The one question CBC had was: “What do we call the series?” There were four films, each with a different protagonist, and CBC needed one title to market them. Linda had mused in reply, “Well, each film is about kids, and we shot them in and around my friend Bruce Mackey’s house while he was at work during the days. He lives on Degrassi Street, so why don’t we call the series The Kids of Degrassi Street.” A total of twenty-six episodes of Kids of Degrassi Street were produced by the time CBC suggested aging up to a tween audience by creating a spinoff series called Degrassi Junior High. This would require much higher budgets and more complex financing, and Linda realized that she needed an entertainment lawyer to help guide her through it all. She remembered that nice young lawyer who had given her free legal advice back at the beginning of it all.

From then until now we’ve worked together, with me at first as the lawyer for the production company until, by 1995, Linda and I had also become producing partners and husband and wife. And as the years have unfolded, Degrassi has become the longest-running teen television drama in North America.*

I snapped out of my reverie and back into the present moment. It was mid-March 2015 and Degrassi was ending. The winter in Toronto had been especially cold that year, and snow drifts still piled high outside our television studios — studios that had been an empty warehouse until twenty years earlier when Linda and I had bought that warehouse, fulfilling a dream and slowly turning it into seven interior stages and an exterior backlot of sets, all spread out over two buildings and five acres we called Epitome Pictures. For more than a decade we had produced the most recent iteration of the Degrassi television franchise in those studios, where nearly a hundred cast and crew members were currently standing by, waiting for their work to begin for the year.

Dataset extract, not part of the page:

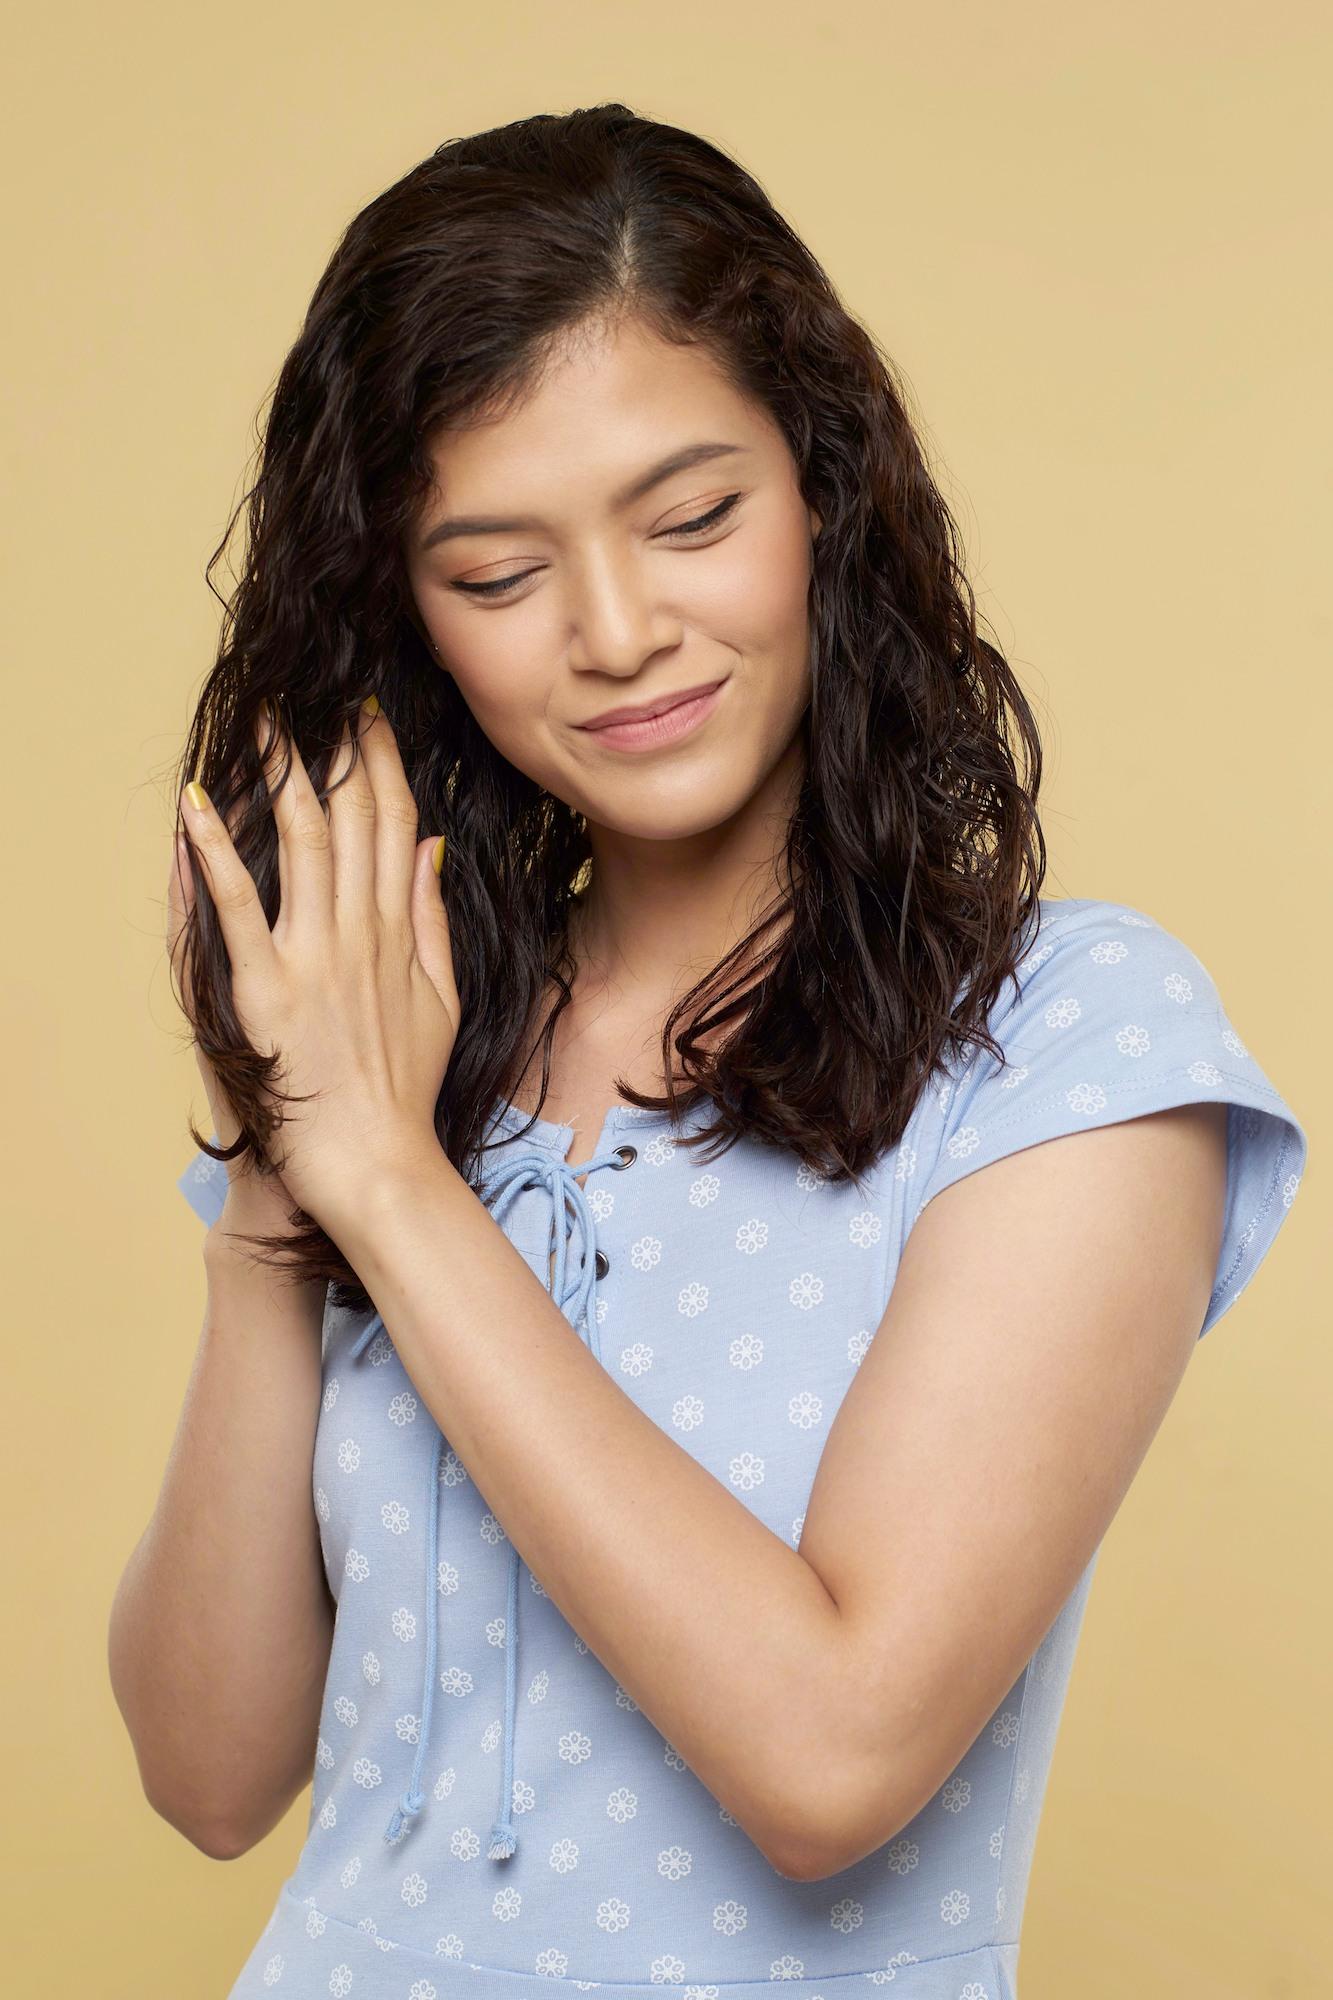 Wanita asia memegang rambut basahnya, model rambut pendek keriting - Cara menghilangkan ketombe secara alami

How would I tell Linda, and the cast and crew, it was all over?

I closed my eyes, breathed deeply, and imagined myself surrounded by a globe of light, a trick I used to keep calm. Eyes still closed, but still not completely calm by any means, I started to realize there might be a small chance to move forward — to manifest a possible strategy we had already been contemplating for the future.

Could the future be accelerated to now?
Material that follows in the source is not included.